Given that the GPT-3 model can predict the properties of molecules and materials with a small dataset, trying an inverse design strategy is tempting. This would be particularly important in the early stages of research; one often has a small set of experimental data points and a limited understanding. Yet, we could leverage a fine-tuned GPT-3 model to generate suggestions for novel materials with similar or even better performance. This would be an important step forward. Particularly as the tuning of such a natural language model is much more accessible than the training of conventional machine learning models. Here we investigate this setting: Can a fine-tuned GPT-3 propose valid molecules that satisfy the constraints or desired properties specified in a prompt in natural language? Again, we are illustrating the potential for a few case studies.

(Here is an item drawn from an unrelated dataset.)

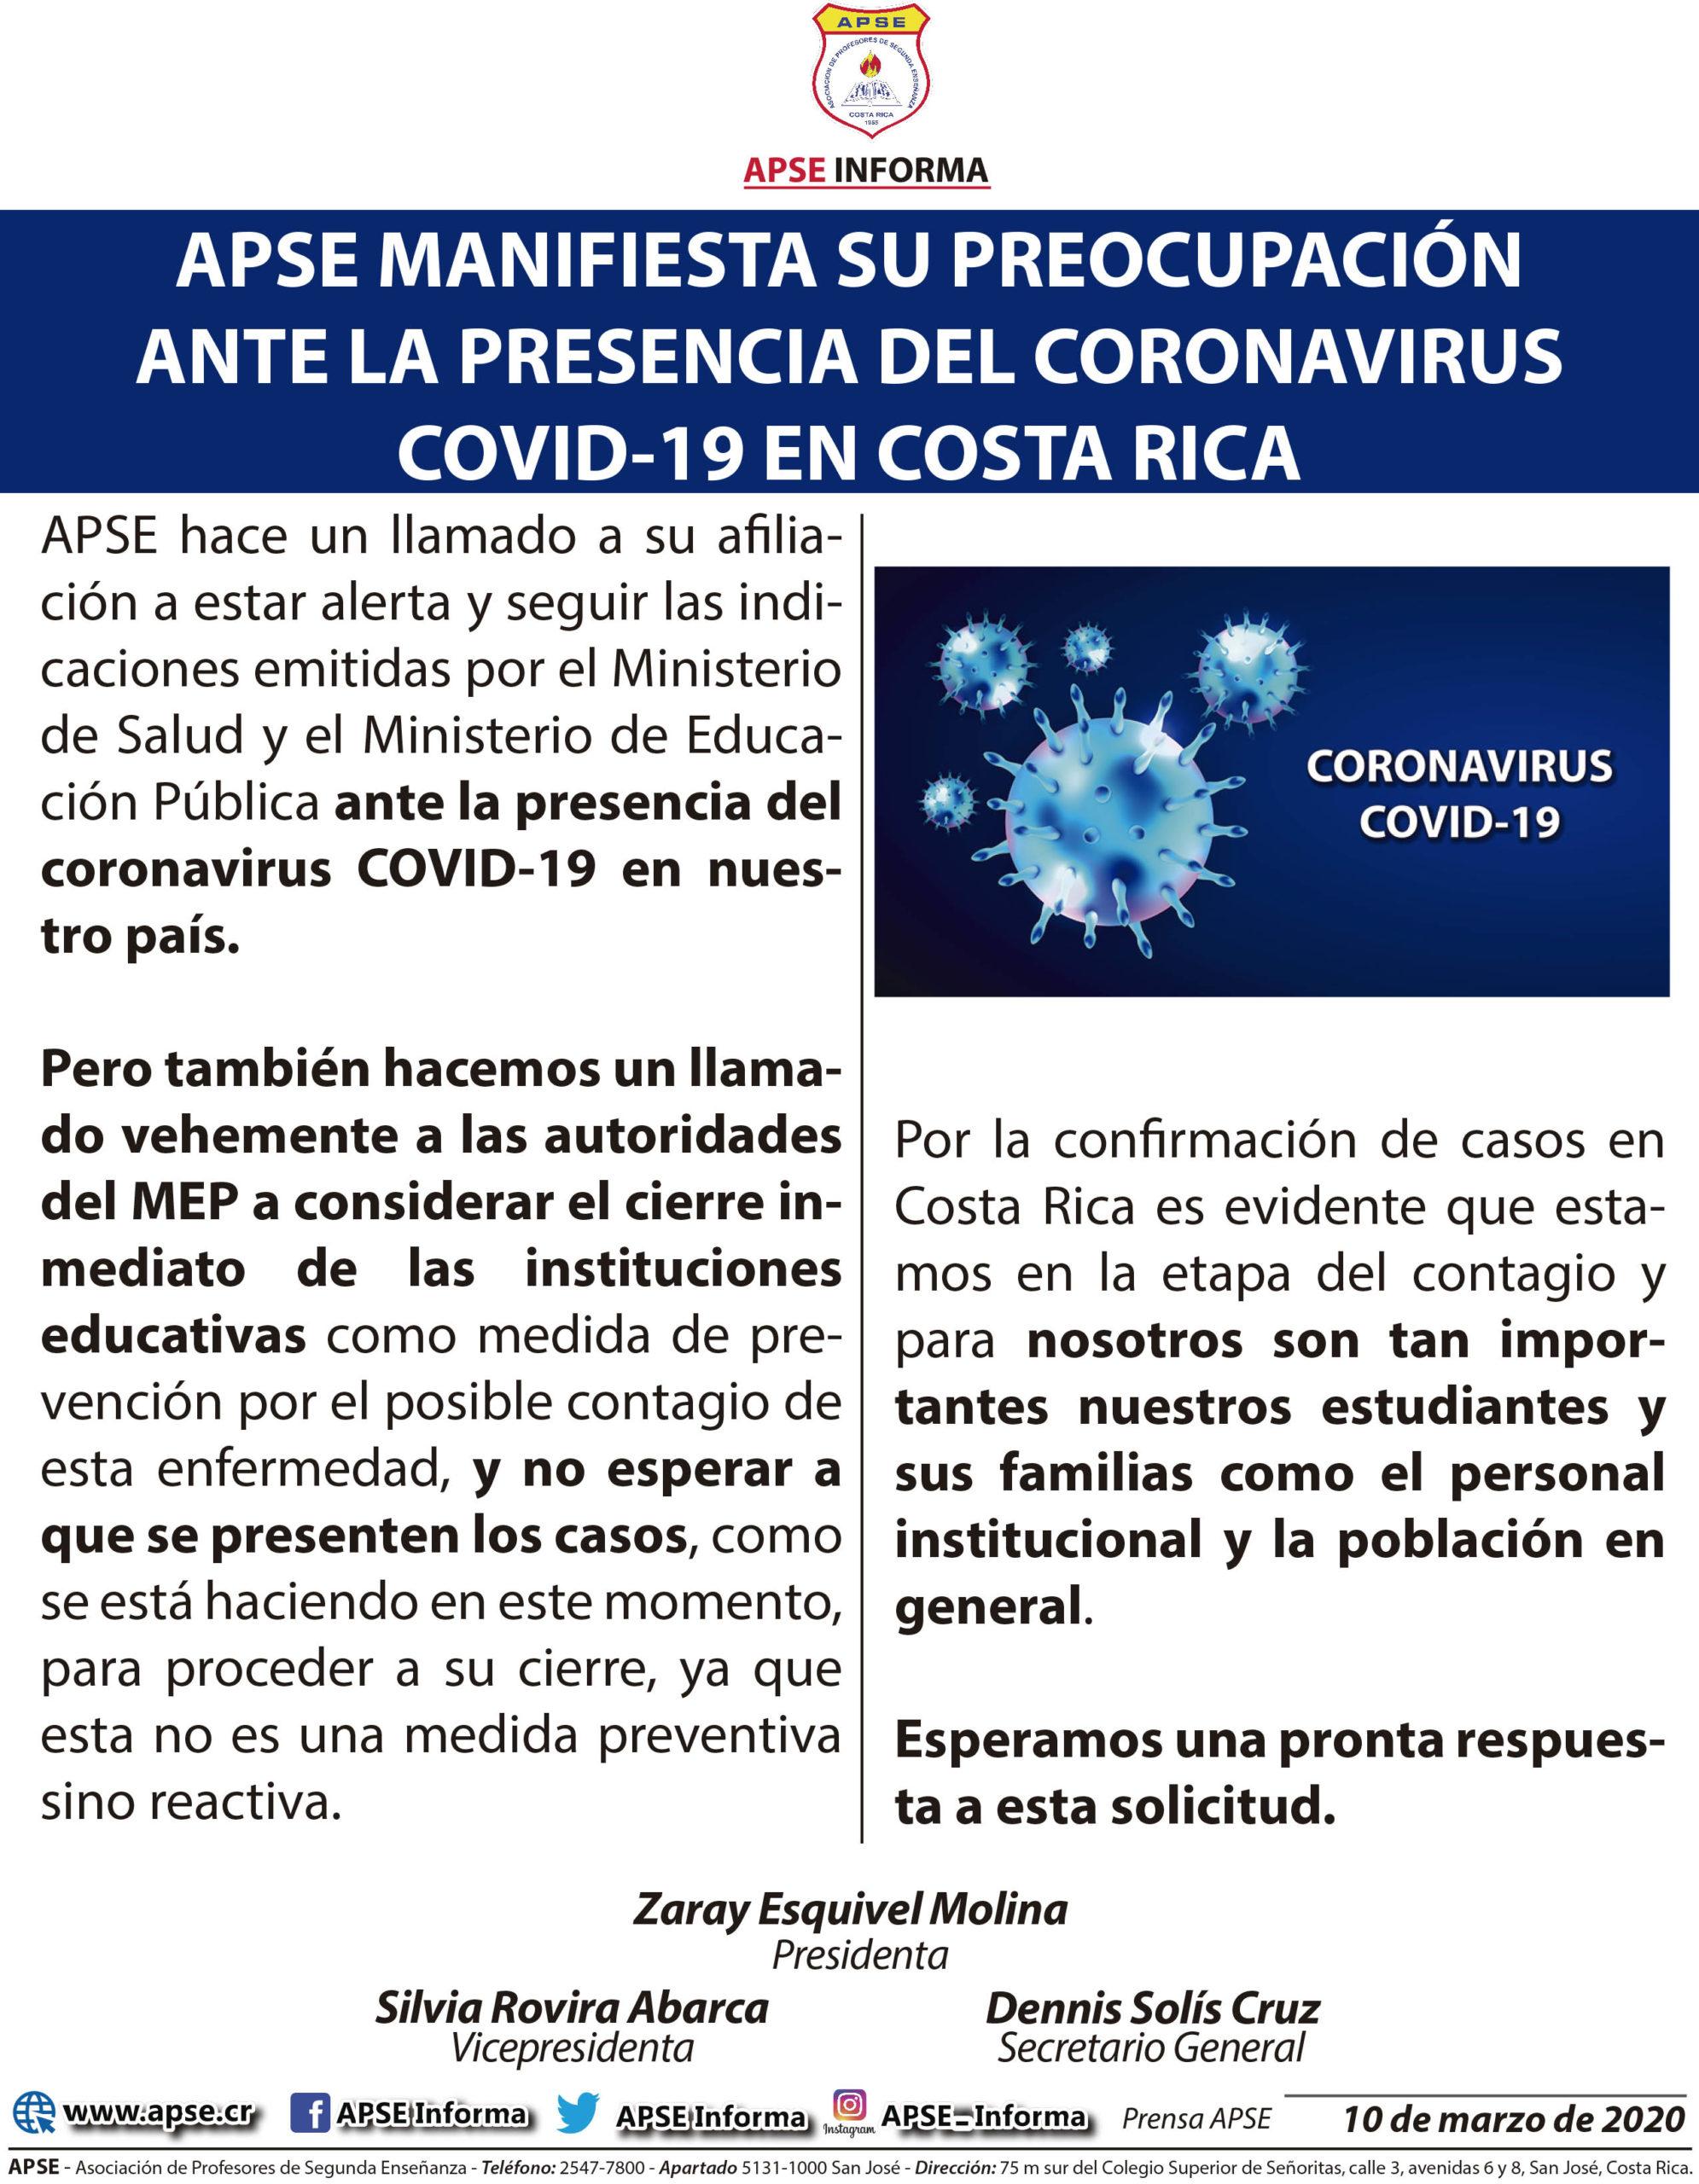 APSE MANIFIESTA SU PREOCUPACIÓN ANTE LA PRESENCIA DEL CORONAVIRUS COVID-19 EN COSTA RICA

Molecular photoswitches are organic molecules with extended aromatic systems that make them responsive to light. Upon radiation, they switch reversibly between different isomers (which changes some properties, such as dipole moments). This reversible switching makes them interesting molecules for applications ranging from sensing to drug discovery. These molecules are complex, making sufficiently accurate predictions using first-principles theory very expensive. Yet, it is important to have some guidance to identify promising molecules, and machine learning models have been developed for this. One of the important properties of these photoswitches is the wavelength at which there is a maximum in the adsorption spectrum for the E and Z isomers. Hence, we fine-tuned GPT-3 with the same data used by ref. 43 . As we have shown above, we can fine-tune GPT-3 to accurately answer questions like ‘What is the pi–pi* transition wavelength of CN1C(/N=N/C2=CC=CC=C2)=C(C)C=C1C?’.
For GPT-3, inverse design is as simple as training the model with question and completion reversed. That is, answer the question ‘What is a photoswitch with transition wavelengths of 324 nm and 442 nm, respectively’ with a text completion that should be a SMILES string of a meaningful molecule. This approach should be contrasted with the approach used by ref. 43 , in which a library of molecules is generated, and their machine learning model (a Gaussian process regression) is used to evaluate the transition wavelengths of each material. If one has a lot of knowledge about the system, one can design large specific libraries that contain many promising molecules, including molecules with transition wavelengths of 324.0 nm and 442 nm. But, such a brute force technique is not what we understand as inverse design, as it, by definition, cannot predict a molecule that we did not include in our library.
A simple test to see whether our model can generate new structures is to ask it to generate molecules with transition wavelengths similar to those from the dataset reported by ref. 43 . Extended Data Fig. 1 shows a representative sample of the molecules generated by the model. As expected, many molecules come from the training set (coloured orange in the figure). Importantly, many molecules are not in the training set, and, interestingly, some are not even in the PubChem database of known chemicals. In Fig. 3, we show that for the molecules, the transition wavelength is within a mean absolute percentage error of around 10%. Note that as the Gaussian process regression (GPR) model of ref. 43 was shown to perform comparably to, if not better than, more costly density functional theory simulations, we chose to use their model to compute the transition wavelengths for the generated molecules.
It is interesting to quantify how novel our newly generated molecules are. We compare these molecules to those collected in ref. 43 . We quantify the similarity by computing the distance between molecular fingerprints. Figure 4 visualizes this by laying out the resulting approximate nearest-neighbour graph in two dimensions. The orange and green spheres represent molecules from the ref. 43 dataset, the blue spheres show the novel ones, and the pink ones are not part of the PubChem database. As expected, we find many new structures that are derivatives of molecules in the ref. 43 database. However, we also find branches that are not part of the library of ref. 43 , indicating that the model generated novel kinds of compounds.
In generating these molecules, we adjusted the so-called softmax temperature in the sampling step of GPT-3 models. This temperature is conventionally used to generate more natural text. If we set this temperature to zero, we will generate text with the most frequently used words. We can increase the temperature to make the text more natural, making it more likely that less commonly used synonyms are chosen. For chemistry, if we aim to complete a SMILES starting with carbon, the zero-temperature solution would always complete the symbol that most commonly follows carbon (‘(’ in the QMugs dataset). In contrast, too-high temperatures would randomly choose any element.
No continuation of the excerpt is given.